# Fedor likely to renew contract with Strikeforce



## tecnotut (Jan 2, 2007)

> Return of the Emperor? M-1 Rep Says Fedor's Extension 'Two-Thirds' Done
> 
> 8/12/2010 2:02 PM ET By Mike Chiappetta
> 
> ...


http://www.mmafighting.com/2010/08/12/return-of-the-emperor-m-1-rep-says-fedors-extension-two-third/


----------



## Bknmax (Mar 16, 2008)

Well at least the good news is that Fedor will fight about 4 more fights


----------



## Rusko (Feb 4, 2010)

Thanks God, I am really looking forward to

1) Fedor vs Overeem.
2) Rematch with Werdum.
3) Big Foot.


----------



## Rauno (Nov 20, 2009)

Up to 6 fights. Against who?


----------



## Rusko (Feb 4, 2010)

Rauno™ said:


> Up to 6 fights. Against who?


Barnett, kharitonov and by that time I guess they will bring in more guys to their HW division.


----------



## UrbanBounca (Sep 13, 2009)

Well, this has done him in as being _arguably_ the best fighter ever. He never actually proved himself against the best HW division in the world, which is the UFC HW division.


----------



## Rauno (Nov 20, 2009)

He proved himself times over in Pride, beating everybody. But you are right about UFC having the best division. After taking out two former HW champions in Sylvia and Arlovski, he should have signed with the UFC.


----------



## Mike28 (Aug 11, 2010)

Bad move for Fedor. I think he needs to sign with UFC to try and prove he is the best. I am sorry but even if he goes on to beat Werdum, Overeem and Silva that still doesnt mean anything in the scheme of things. Overeem is not proven, and Werdum was barely top 10 in the UFC when he got cut.


----------



## kantowrestler (Jun 6, 2009)

Maybe he wants to avenge his loss to Werdum and then clear out the Strikeforce Heavyweight division before going to the UFC!


----------



## Rauno (Nov 20, 2009)

kantowrestler said:


> Maybe he wants to avenge his loss to Werdum and then clear out the Strikeforce Heavyweight division before going to the UFC!


This division does not need be cleaned up. I'm pretty sure that if he does re-sign, it's going to be his last contract.


----------



## kantowrestler (Jun 6, 2009)

Yeah he possibly wants an easy road to his retirement!


----------



## Roflcopter (Sep 5, 2008)

Who the hell cares? Emeliafake-o is irrelevent along with the rest of the SF HW division.


----------



## kantowrestler (Jun 6, 2009)

Ok that statement is not totally true!:thumbsdown:


----------



## michelangelo (Feb 1, 2009)

Although he's far from a fraud or a fake, his legacy is tarnished forever by his unwillingness to fight in the UFC. 
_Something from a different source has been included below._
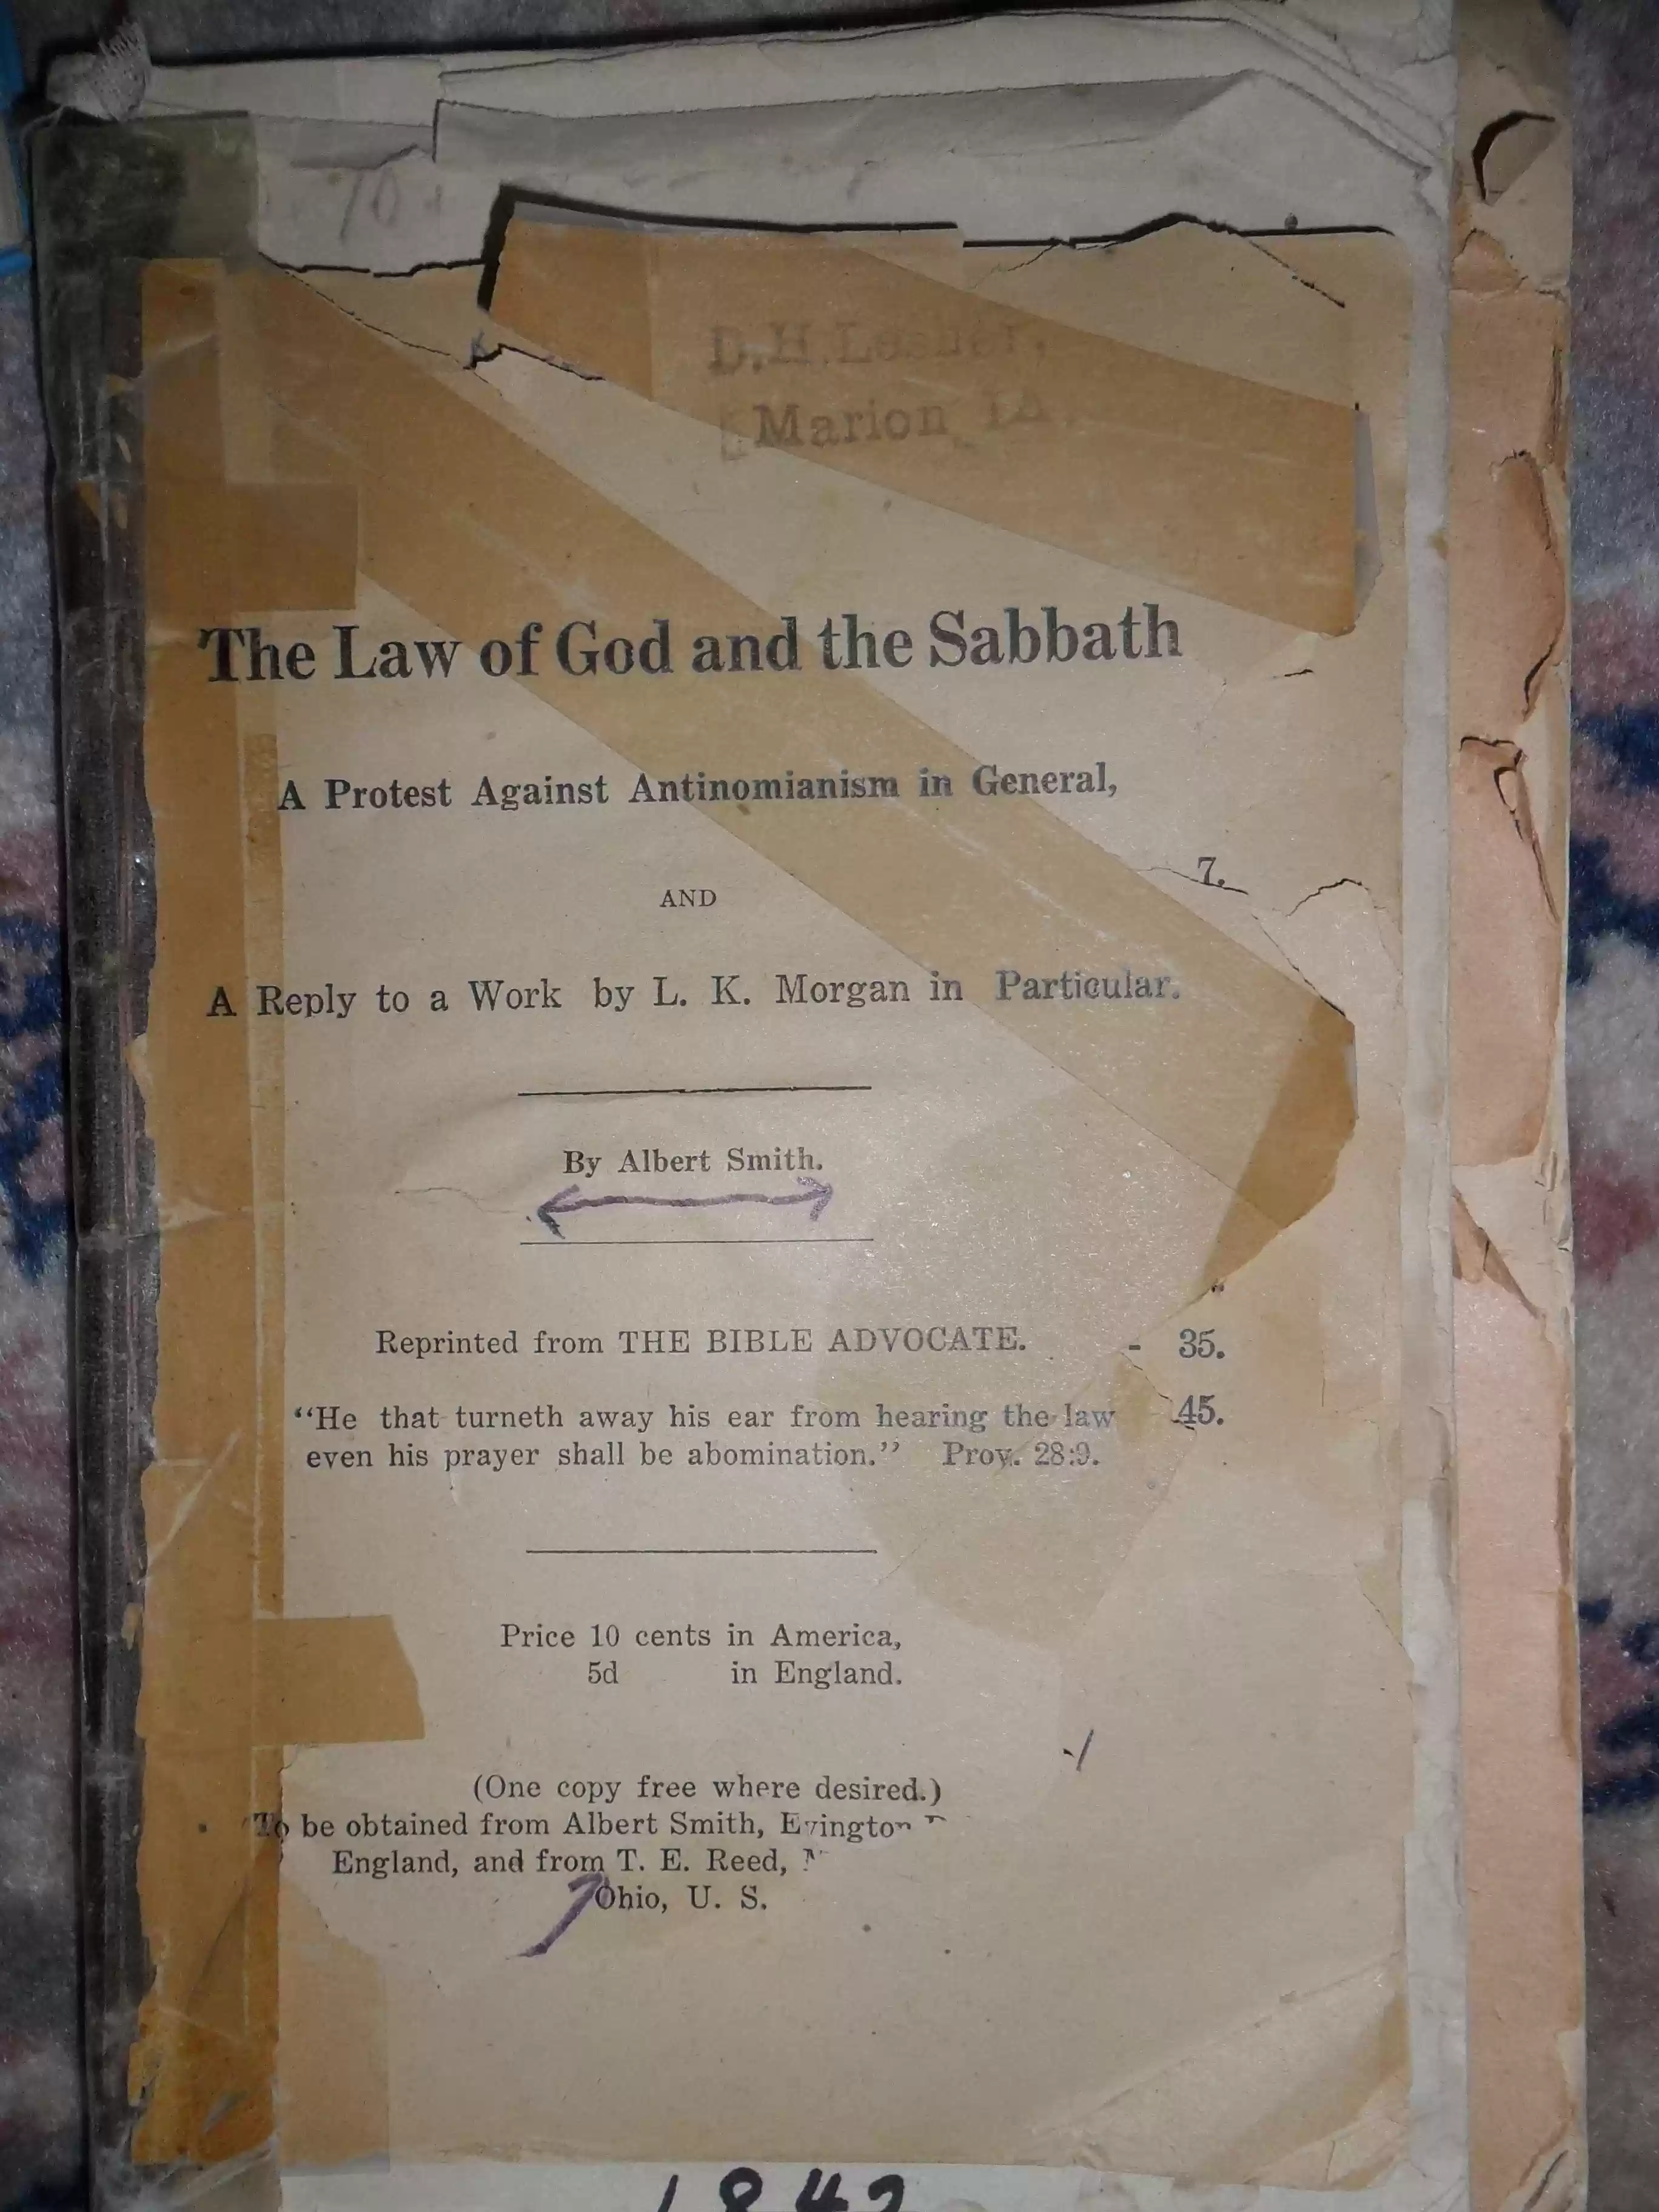 SAM_0516-The Law of God and the Sabbath by Albert Smith. He was a well-known Church of God (Seventh Day) pastorpreacherwritter from England in the 192

Dana was absolutely correct: Fedor could never be considered the P4P greatest since he rarely fought and refused to fight against the best (Brock, Junior, Shane, Cain, among others).


----------



## kantowrestler (Jun 6, 2009)

Well nowadays anyways!


----------



## Admz (Sep 15, 2009)

If one of those fights involves Bobby Lashley or Dave Batista I'll be forced to go emo. :sarcastic02:


----------



## rockybalboa25 (May 27, 2007)

Fedor and M1 are so unpredictable that I'm not buying it. Until the ink has dried on the contract, I'm not believing anything.


----------



## the.dinn (Jun 22, 2010)

If M1 wants 4-6 fights it's means (I think)they know that Fiodor is not as good as he was and it's more than likely he can be defeated by an average fighter. I hope i'm wrong as hell.


----------



## VolcomX311 (Aug 18, 2009)

kantowrestler said:


> Maybe he wants to avenge his loss to Werdum and then clear out the Strikeforce Heavyweight division before going to the UFC!


As long as M1 Global is behind Fedor's management, Fedor will never be in the UFC.

The only good fight left in SF for Fedor, is Fedor vs Overeem. 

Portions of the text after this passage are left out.